It is one of prominent tools for companies that are looking to upgrade to a modern data architecture. It offers a more nuanced approach in comparison to Redshift, which comprehensively addresses security and compliance.

Cloud-agnostic

Snowflake is cloud-agnostic and a managed data warehousing solution available on all three cloud providers: Amazon Web Services (AWS), Azure and GCP. Organizations can seamlessly fit Snowflake into the existing cloud architecture and be able to deploy in regions that best suit their business.

Scalability

Snowflake has a multi-cluster shared data architecture, which allows it to separate out compute and storage resources. This feature helps users with the ability to scale up their resources when they require large data volumes to load faster and scale down once the process is complete.

To help with minimal administration, auto-scaling and auto-suspend features have been implemented by Snowflake.

Virtual-zero administration

Delivered as a Data Warehouse-as-a-Service, Snowflake enables companies to set up and manage the solution without needing significant involvement from the IT teams.

Semi-structured data

The Snowflake architecture enables the storage of structured and semi-structured data in the same destination with the help of a schema on a read data type known as Variant, which can store structure and semi-structured data.

Redshift vs Snowflake: which is right for you?

Features: Redshift bundles storage and compute to offer instant potential to scale to enterprise-level data warehouse. Snowflake, on the other hand, splits computation and storage and provides tiered editions. It thus offers businesses flexibility to buy only the required features while maintaining scaling potential.
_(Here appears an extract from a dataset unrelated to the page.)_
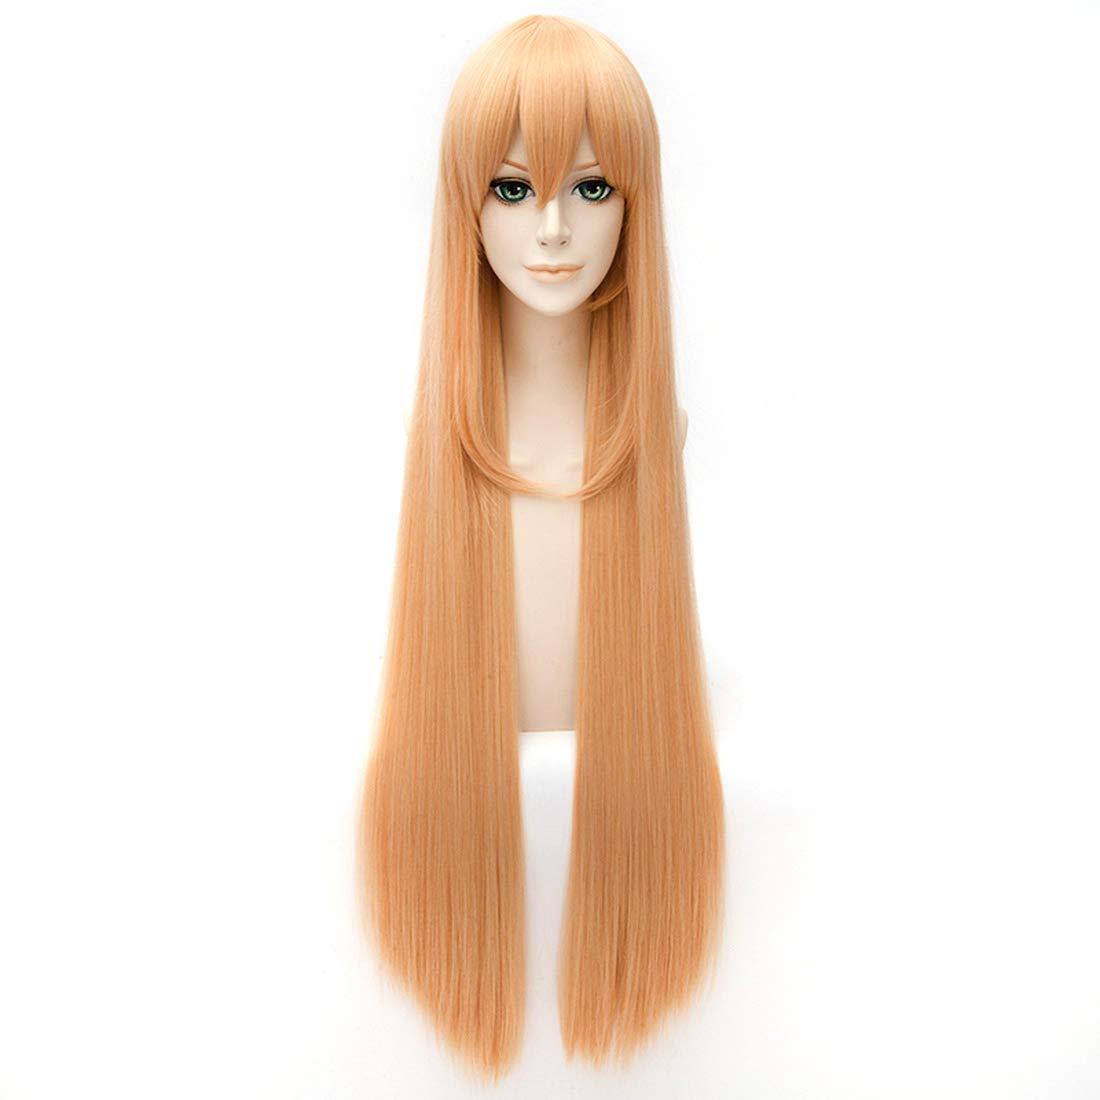 Amazoncom Hoolaza Blonde Long Straight Inward Curly Hair Tailwig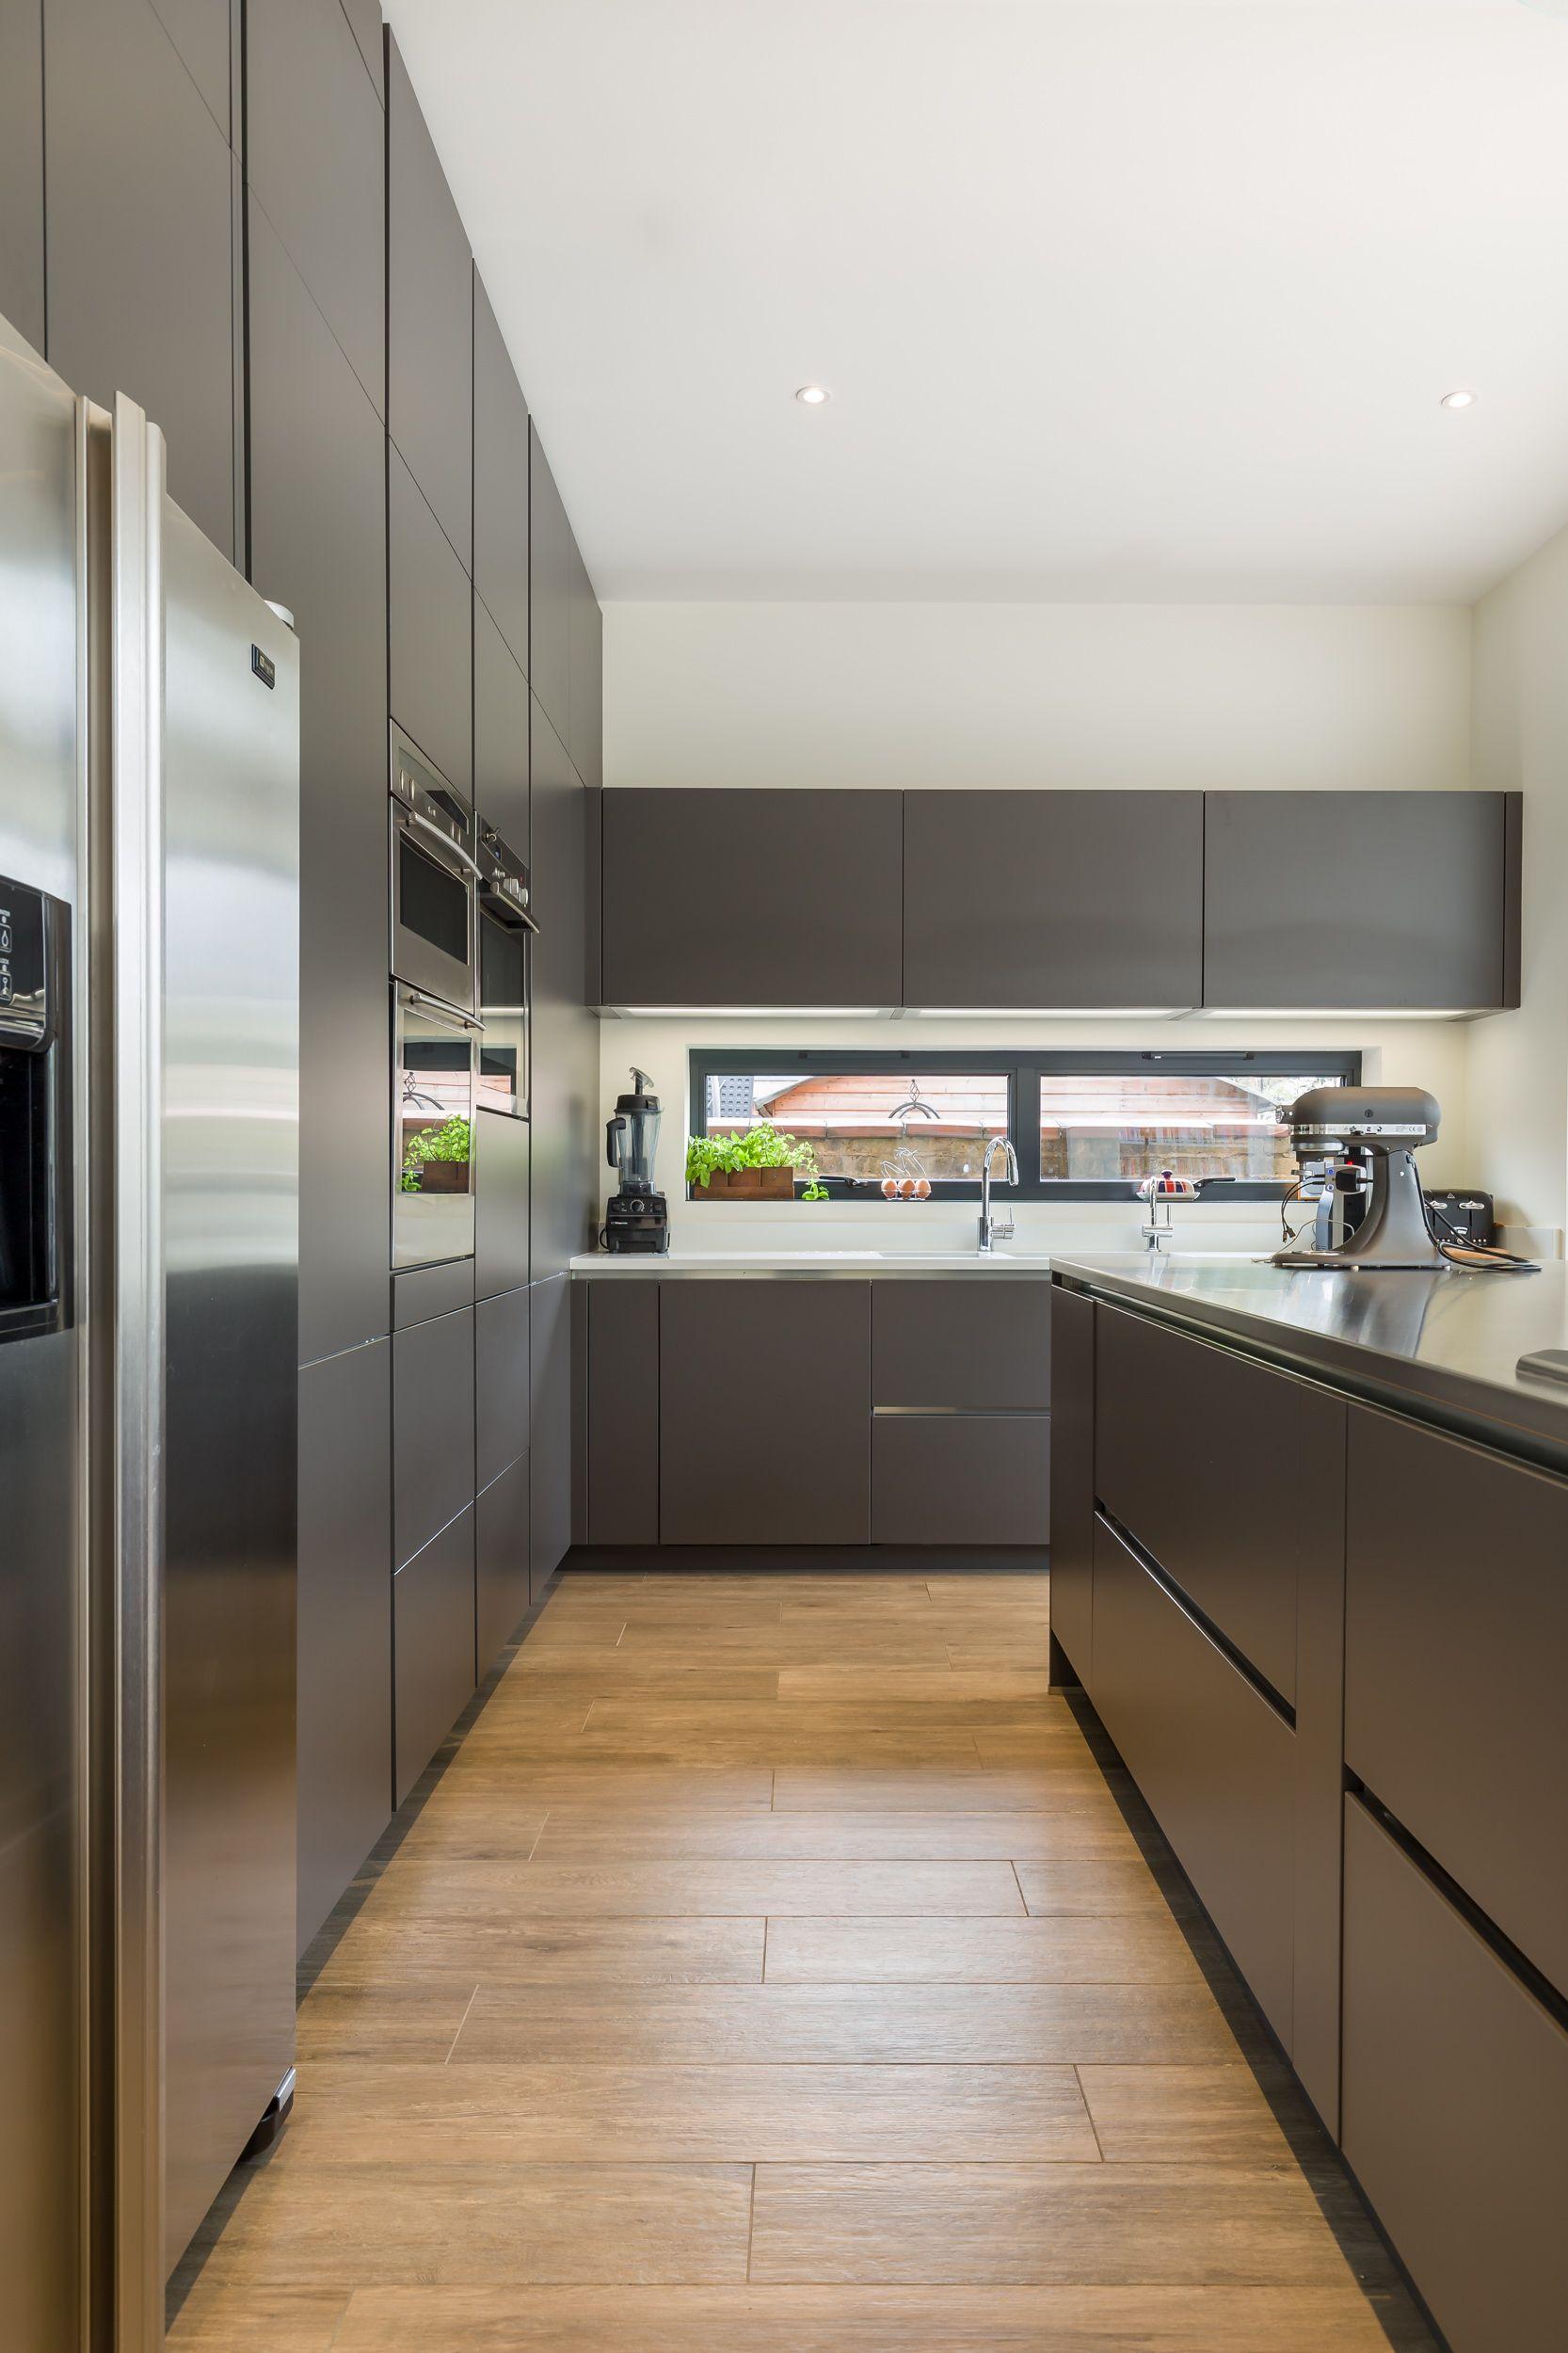 Home Renovation Kitchen Extension Family Room Modern Design

JSON: In terms of JSON storage, Snowflake’s support is clearly the more robust. Snowflake enables to store and query JSON with built-in and native functions. On the flip side, when JSON’s loaded into Redshift, it splits into strings – making it challenging to query and work with.

Security: While Redshift consists of a set of customizable encryption options, Snowflake offers compliance and security features geared to specific editions. It thus provides a level of protection most suitable for an enterprise’s data strategy.

Data tasks: A more hands-on maintenance is necessary with Redshift, particularly for those tasks that cannot be automated, like compression and data vacuuming. Snowflake has a benefit here: it automates many of such issues, helping save substantial time in diagnosis and resolving of those issues.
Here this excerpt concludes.